100 protesters show up at home of man whose racist rant at neighbor went viral

More than 100 protesters on Monday demonstrated at the home of a New Jersey man who was captured on video verbally attacking a neighbor with racist slurs, before reading his address and challenging the neighbor to “come see me.”

The videos of the Friday altercation, which run for more than six minutes, show a man, later identified as Edward Cagney Mathews, yelling racist slurs at his Black neighbor and pushing up against him with his chest.

The neighbor is also seen pushing Mathews at one point.

Edwards appears to call the neighbor a slur, and at one point says, “Learn your laws… it’s not Africa.”

The neighbor responded that he was born in America.

Minutes into the altercation Mathews looks at the camera and reads off his address, before saying “come f—ing see me” and “bring whoever.”

Videos of the rant received hundreds of thousands of views on Twitter.

On Monday, three days after the altercation, protesters began arriving at the address Mathews yelled in the video, chanting “We want Edward!” and “Come outside,” according to the Philadelphia Inquirer.

By Monday night, the crowd at Mathews’s house appeared to have increased to more than 100 people. The protesters reportedly cheered and threw food and water bottles at him, according to The Washington Post.

Mathews was taken into custody on Monday evening, according to the Inquirer.

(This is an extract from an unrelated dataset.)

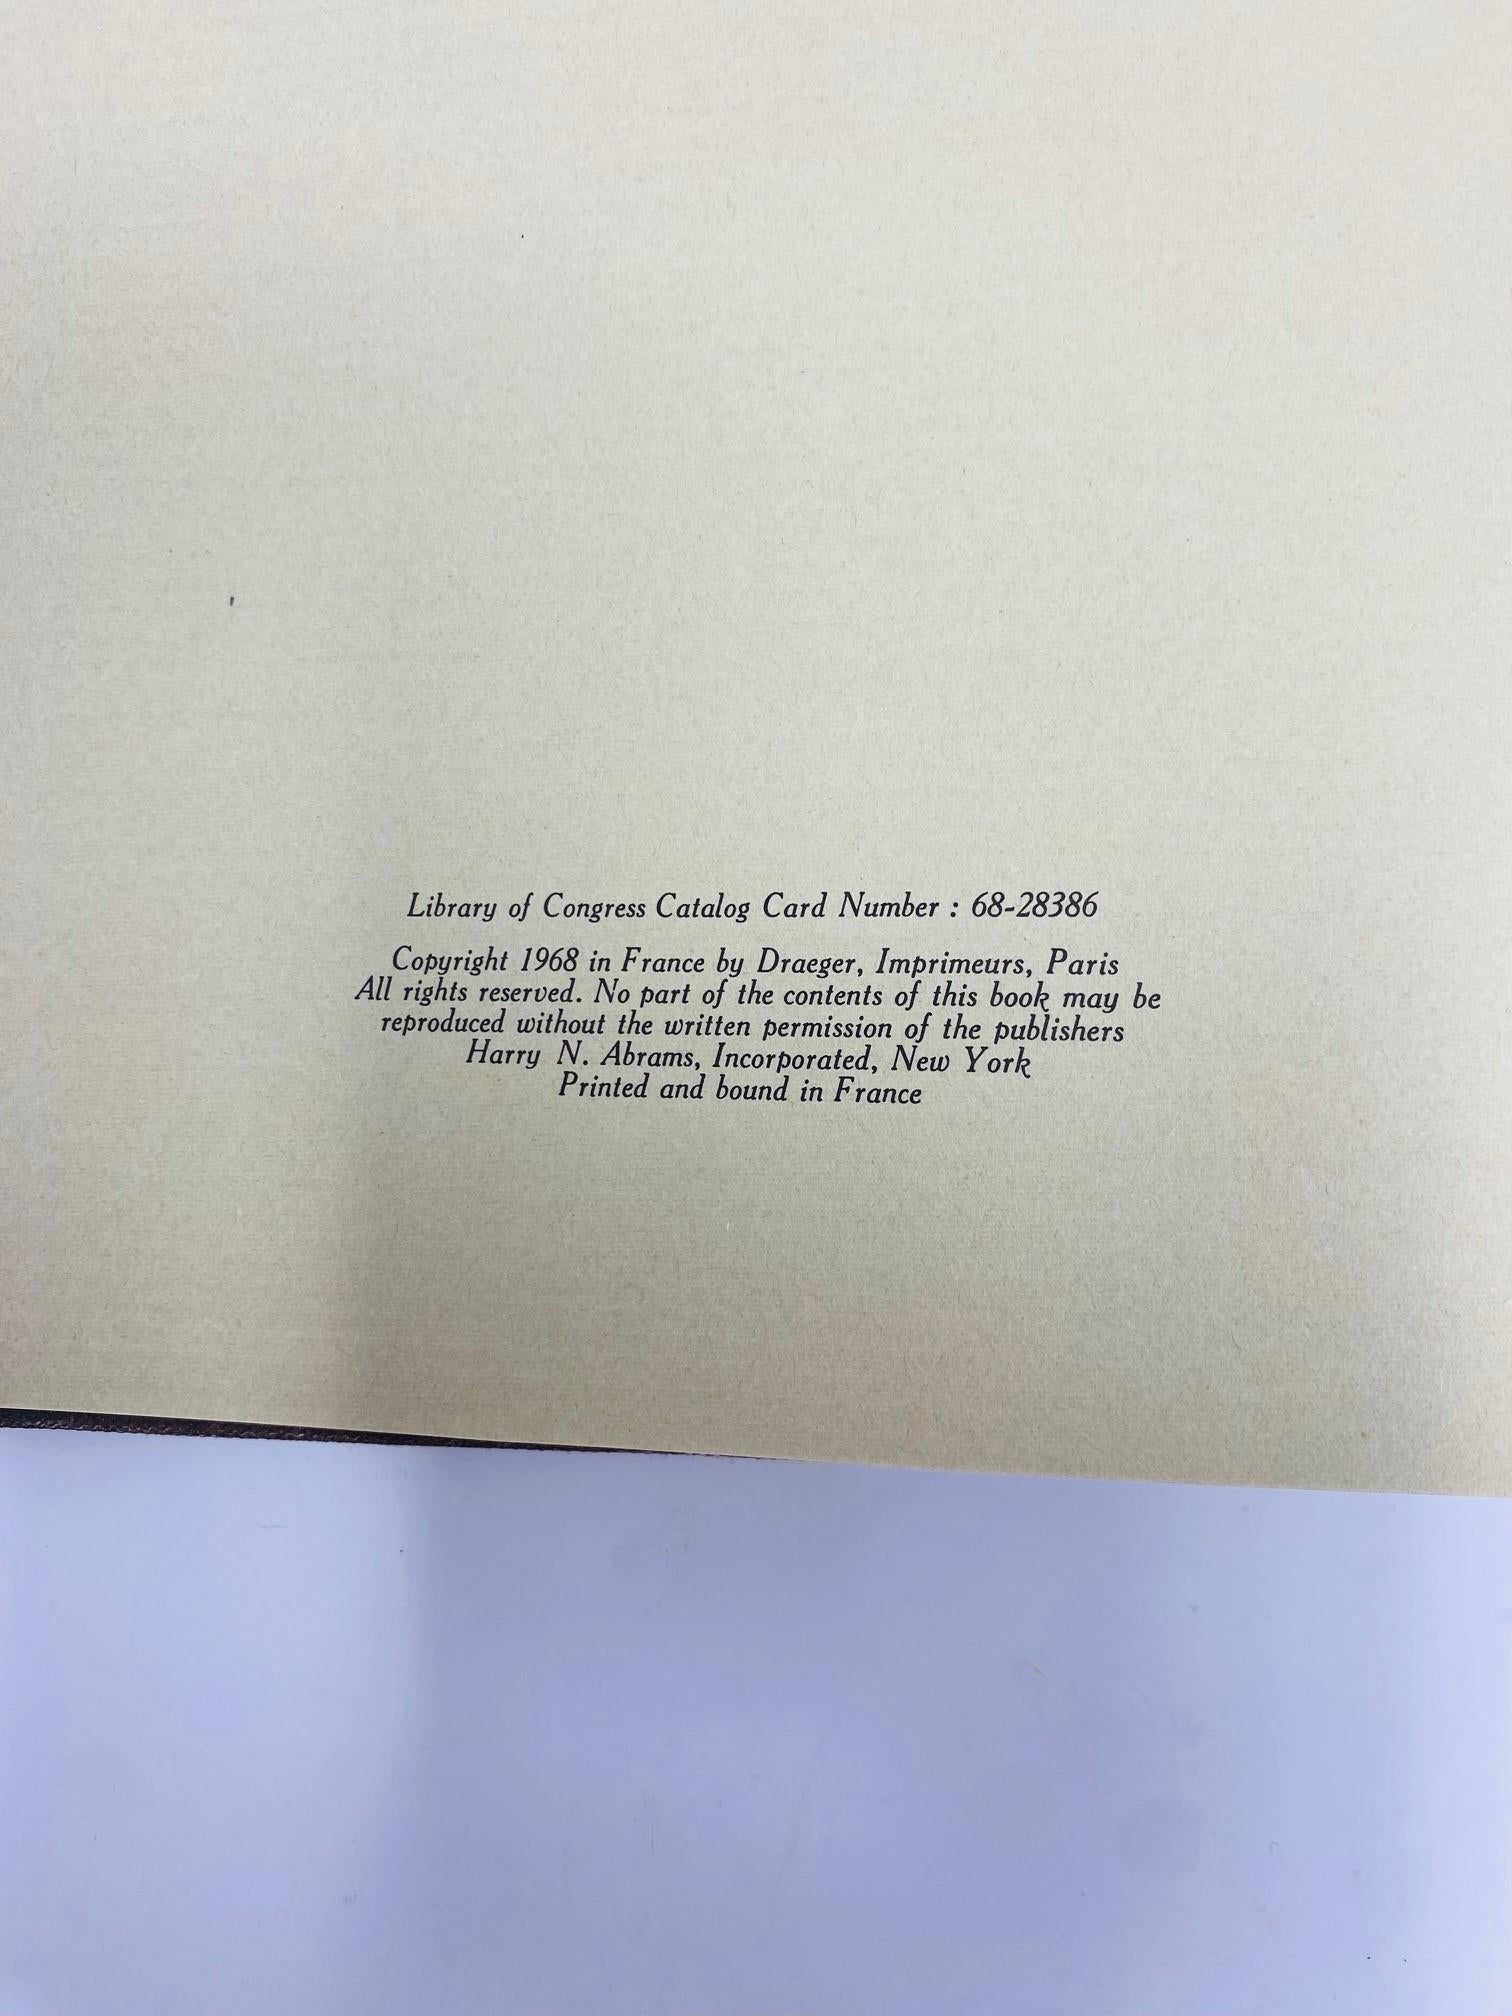 Fin du XVIIe siècle Livre d'art Dali de Draeger par Max Gerard, vintage 1968 en vente

Video posted to Twitter shows police clearing a path through the crowd of protesters to bring Mathews, who was handcuffed, into a police car.

The Mount Laurel Police Department said it charged Mathews with harassment and biased intimidation, after authorities conducted an investigation.

Police said they first received a report of the incident when a resident of the neighborhood reported that “she is continually harassed by her neighbor, Edward Cagney Mathews.”

Burlington County Prosecutor Scott A. Coffina reportedly said that his office is charging Mathews with assault as well, according to the Post.

Mathews, during a phone interview with the Inquirer, apologized for the way he acted and said it was sparked by a longtime housing dispute with the homeowners’ association.

He also told the newspaper that he was drunk.

“I certainly wasn’t expecting an encounter like that and certainly wasn’t expecting to disrespect anybody,” Mathews said, according to the Inquirer. “Let me be clear: That is no excuse for what I said, but I lost my temper.”

He said he did not mean for his slurs to be racist, and contended that he uses the same language when speaking to white people.

“Anybody that knows me know that I just talk like this,” he told the Inquirer.